Ездили мы к ним обычно в экипаже, реже в автомобиле, и нетерпение охватывало нас уже издали. На последней же ведущей к ним улице — Барятинской — мы уже не могли спокойно сидеть и ерзали на сиденьях. Но вот широкая аллея, посыпанная песком, по которой лошади бегут особенно весело. Вот просторный вестибюль с флердоранжевыми деревьями в зеленых кадках и рыцарями в тяжелых латах; и сразу запах приятной свежести летом и душистого тепла зимой охватывал нас. Всей гурьбой неслись мы по белой мраморной лестнице в большую светлую детскую, и до самого отъезда жизнь здесь била ключом. Однако как ни дороги были нам наши кузены и кузины — Зина, Андрей, Борис и Олег, — но светлой феей их дома была сама тетя Леля.

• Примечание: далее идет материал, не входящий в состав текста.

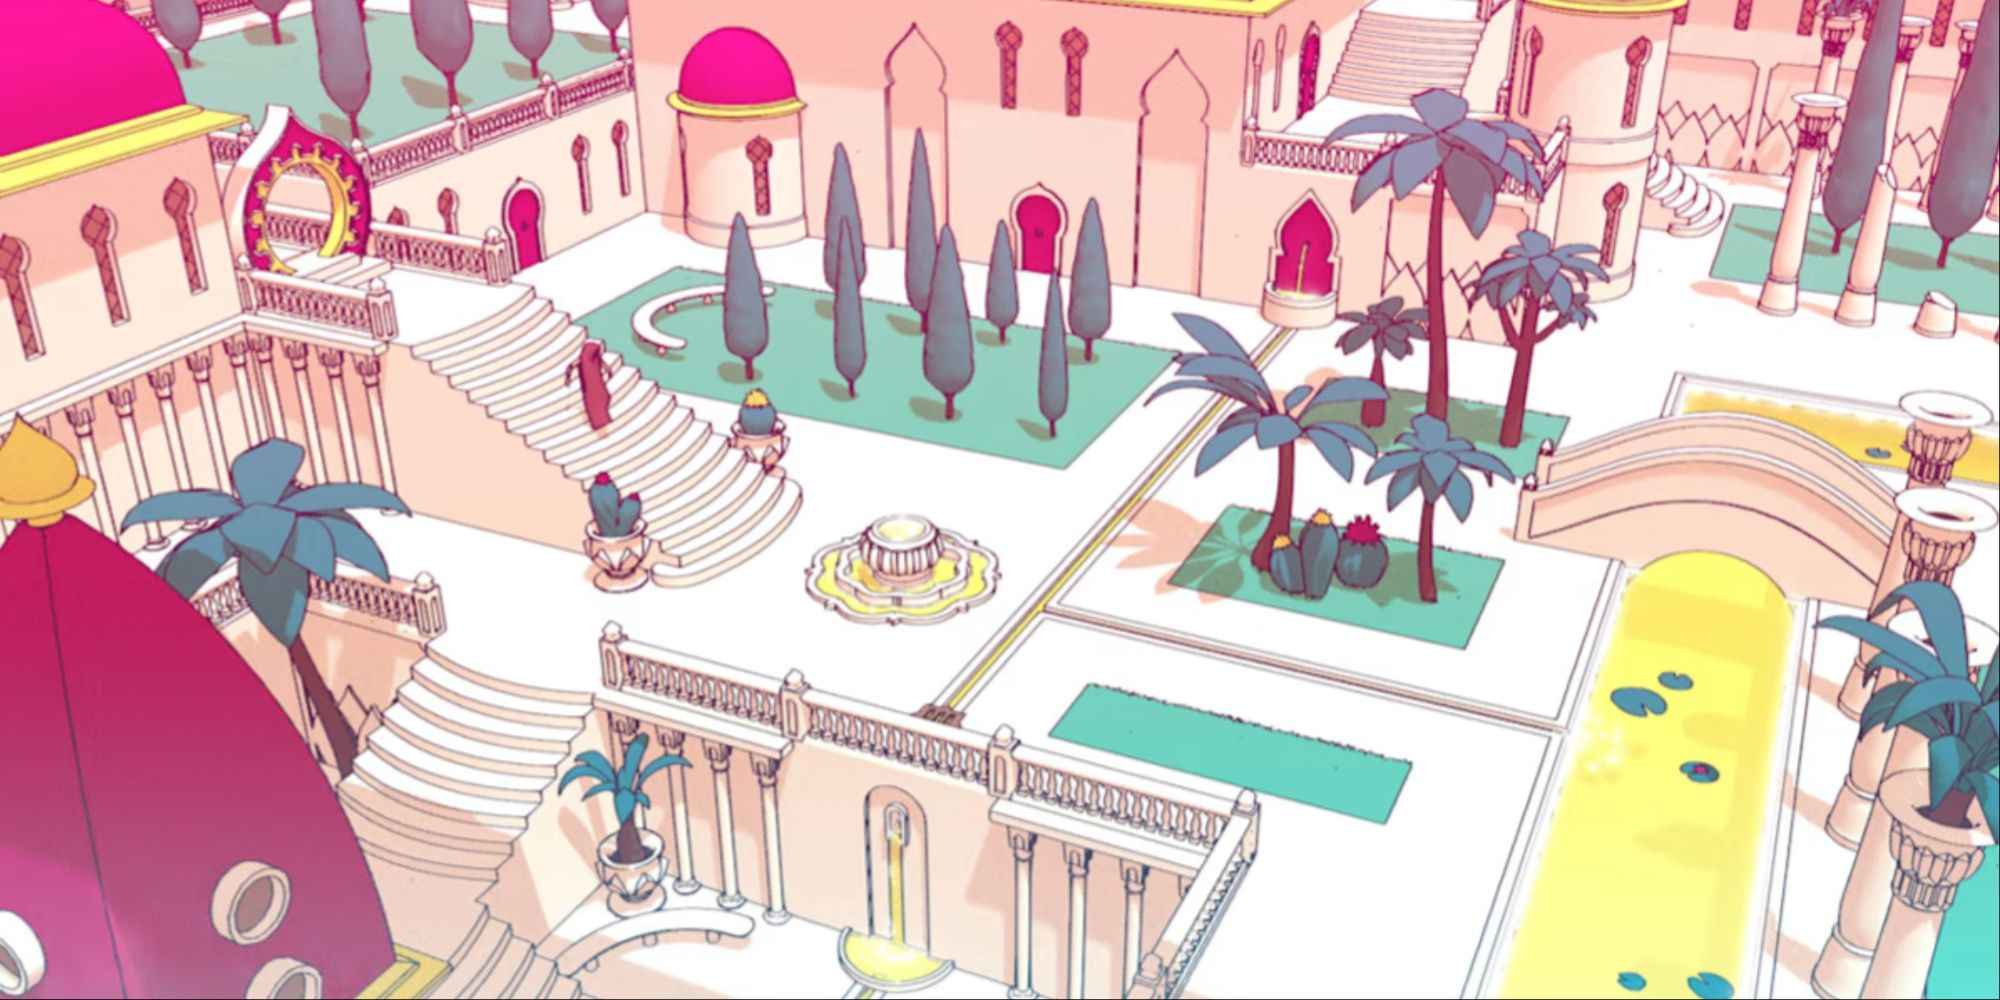 The main protagonist of Chants of Sennaar wandering in a garden areas of a palace featuring vibrant pink, yellow, and greent environment art.

С ней, с ее теплой душистостью связаны мои первые шаги и игры; к ней прибегал я потом с моими мечтами и планами. Из всех взрослых только ей считал я возможным довериться, и она встречала меня неизменно ласково, понимала мои желания, умиряла огорчения и неудачи...
Хрупкая и женственная, она воплощала в себе необычайное очарование; сдержанная красота вещей и строгий уклад жизни, окружавшие ее, как-то еще больше подчеркивали и оттеняли ее шарм. Врожденный вкус ее был безукоризненным, и, обладая крупными средствами, она легко могла осуществлять большую часть своих желаний.
Только с ней да еще с моим отцом любил я ездить по магазинам и видеть, как быстро, верно и элегантно они умели выбирать и покупать лучшее по замыслу и качеству.
Тетя Леля в те далекие времена была всегда полна милого задора, веселости, юмора, и добрая улыбка не сходила с ее лица.
Одной из главных ее страстей были цветы, а потому и дом и сад утопали в них. И в том, как она их выбирала и срезала, чувствовались настоящий культ и понимание, полные неизъяснимого шарма.
Чайные розы, темно-синие фиалки, ландыши были ее любимыми цветами за их тонкий аромат. Любила она также анютины глазки, и клумбы в садах были обсажены ими. Сад же и парк их орловского имения утопали в сирени и ландышах, несущих совсем иной, северный аромат. В конце апреля — начале мая ландышей было столько, что все многочисленные вазы и сосуды в доме были наполнены ими.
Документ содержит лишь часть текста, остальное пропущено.